You can get MT3 collets as well.


----------



## PolskiFran (Jan 17, 2008)

My Atlas lathe has 1 1/2-8 thd. with #3MT spindle. It originally took 3AT collets. Their capacity is only to 1/2", but that's what I use.

Frank


----------



## greenie (Jan 17, 2008)

Have a look at this site and there are ER collets of varying sizes, along with cylindrical extensions/fittings, that you just shove in the 3 jaw chuck and your away.


http://www.rego-fix.com/screwmachine/cylindrical.asp

Or if your game enough, make up your own ER collet holder that fits in place of the chuck, lots of ideas on the web.


----------



## rake60 (Jan 17, 2008)

Great alternatives showing up here!


----------



## Airhead (Jan 18, 2008)

I have one of those lathes too and I have been looking at the ER collet chuck at Tallgrass tools. You can get it as a kit or all finished and ready to go. The thing I like about this is it's front closing, so it leaves the spindle bore unobstructed.

Here's a link http://tallgrasstools.com


Rick


----------



## Stan (Jan 18, 2008)

The easiest thing is just use MT3 collets directly in the headstock and not increase the overhang on the spindle. They can be tightened with a piece of all thread rod through the spindle but that eliminates the choice of putting long pieces in the collet. If you want to use the collet for long pieces make a nut to screw onto the spindle to press the collet in. You then have to use a piece of pipe to tap out the collet from the rear.


----------



## Airhead (Jan 18, 2008)

I got a PM asking me to compare 5-C collets with the ER series. I tried to reply but I don't think my computer sent the message, so I'm just putting here. Maybe others are intrested too.

I'm no expert on this but I'll help as best I can.

First off, the 5c collets wont fit up the snout of the little 9x20 lathes. They do make front closing chucks for them but they are big long heavy things and if you hang one of those off your spindle nose you wont have much room left between it and the tail stock! The ER collets are a lot shorter and I don't think the chuck to hold them takes up much more room than a 4 jaw chuck. One thing to look out for, they made some ER collet holders that hang out farther and also don't allow a piece of stock to pass through them. Shop carefully.

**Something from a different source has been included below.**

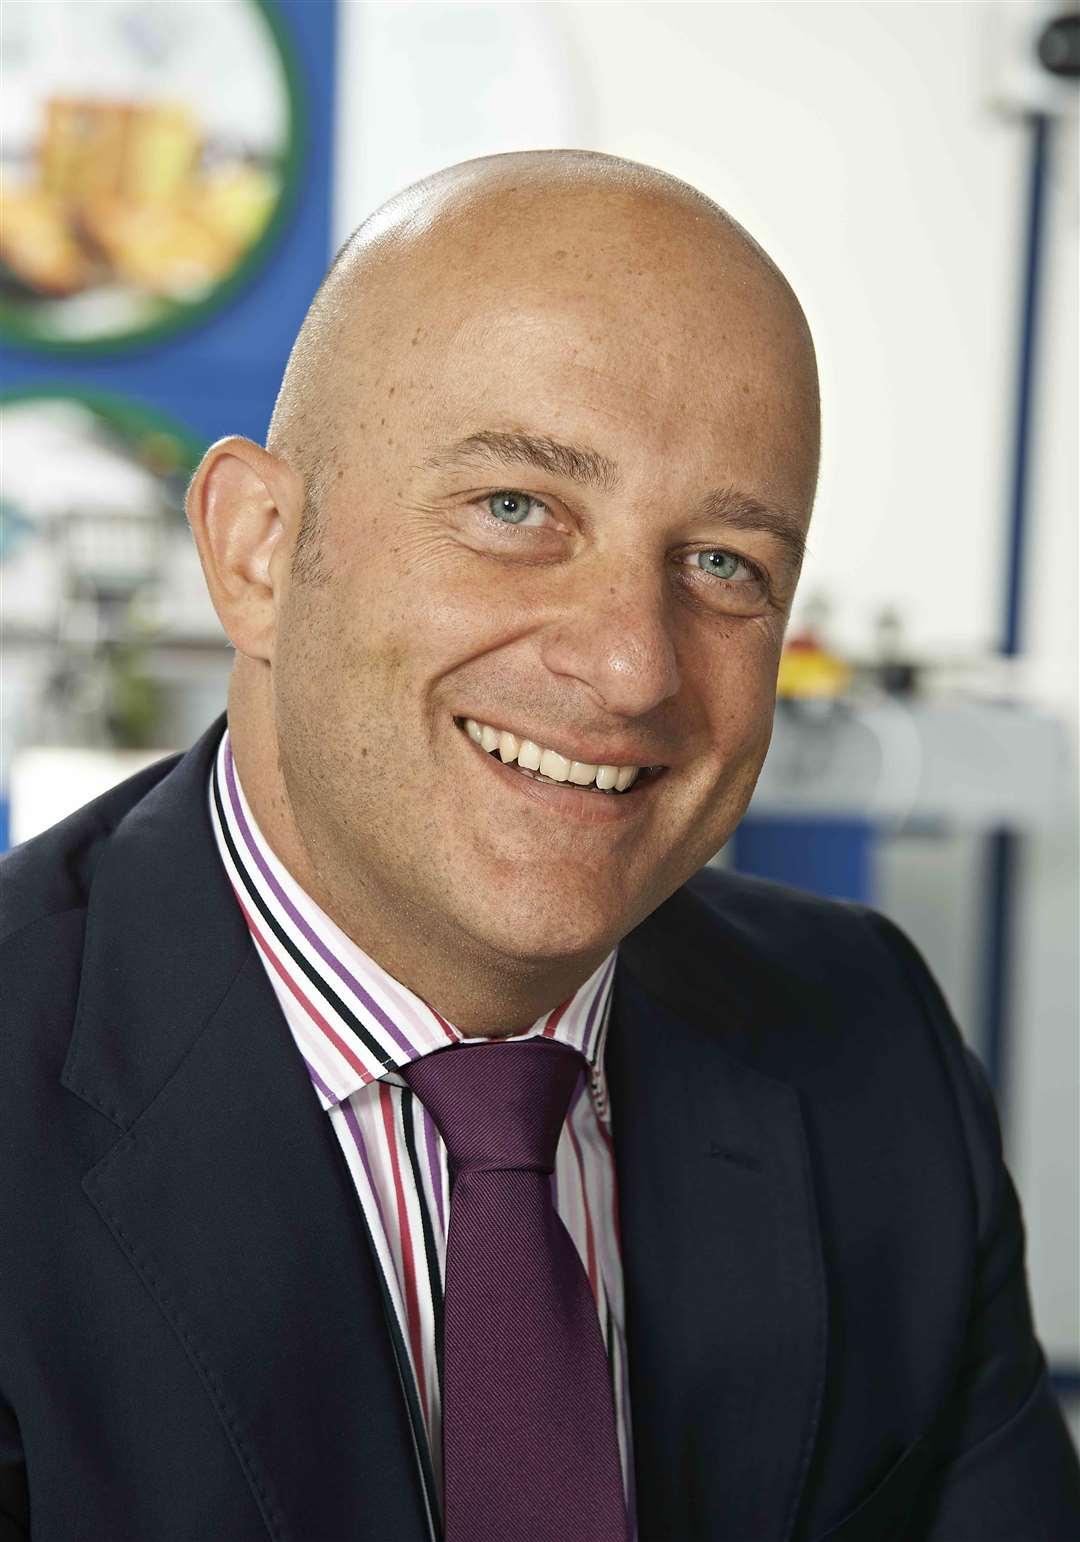 Барт Ванстенкисти, директор по развитию бизнеса, глобальный сектор наук о жизни, Domino

The main difference between the two is that the ERs are double angle collets and are slit from both ends. This lets them close along their whole length so that they will hold 'in between' sizes. If you put something under size in a 5c it will only hold at the very tip and if it is too much under it may not spring back when you release it. You will probably hear somewhere that the ER collets wont let stock pass through the spindle like the 5c but again, that is a function of the holder, not the collets themselves.

One advantage of the 5c collets if you are in the U.S.A. is that they are ubiquitous. You can get four and six sided blocks that hold them for simple indexing on the mill, the 'spindexs' are all made for 5c. You can also get them to hold square, hex, and lord know what other shapes.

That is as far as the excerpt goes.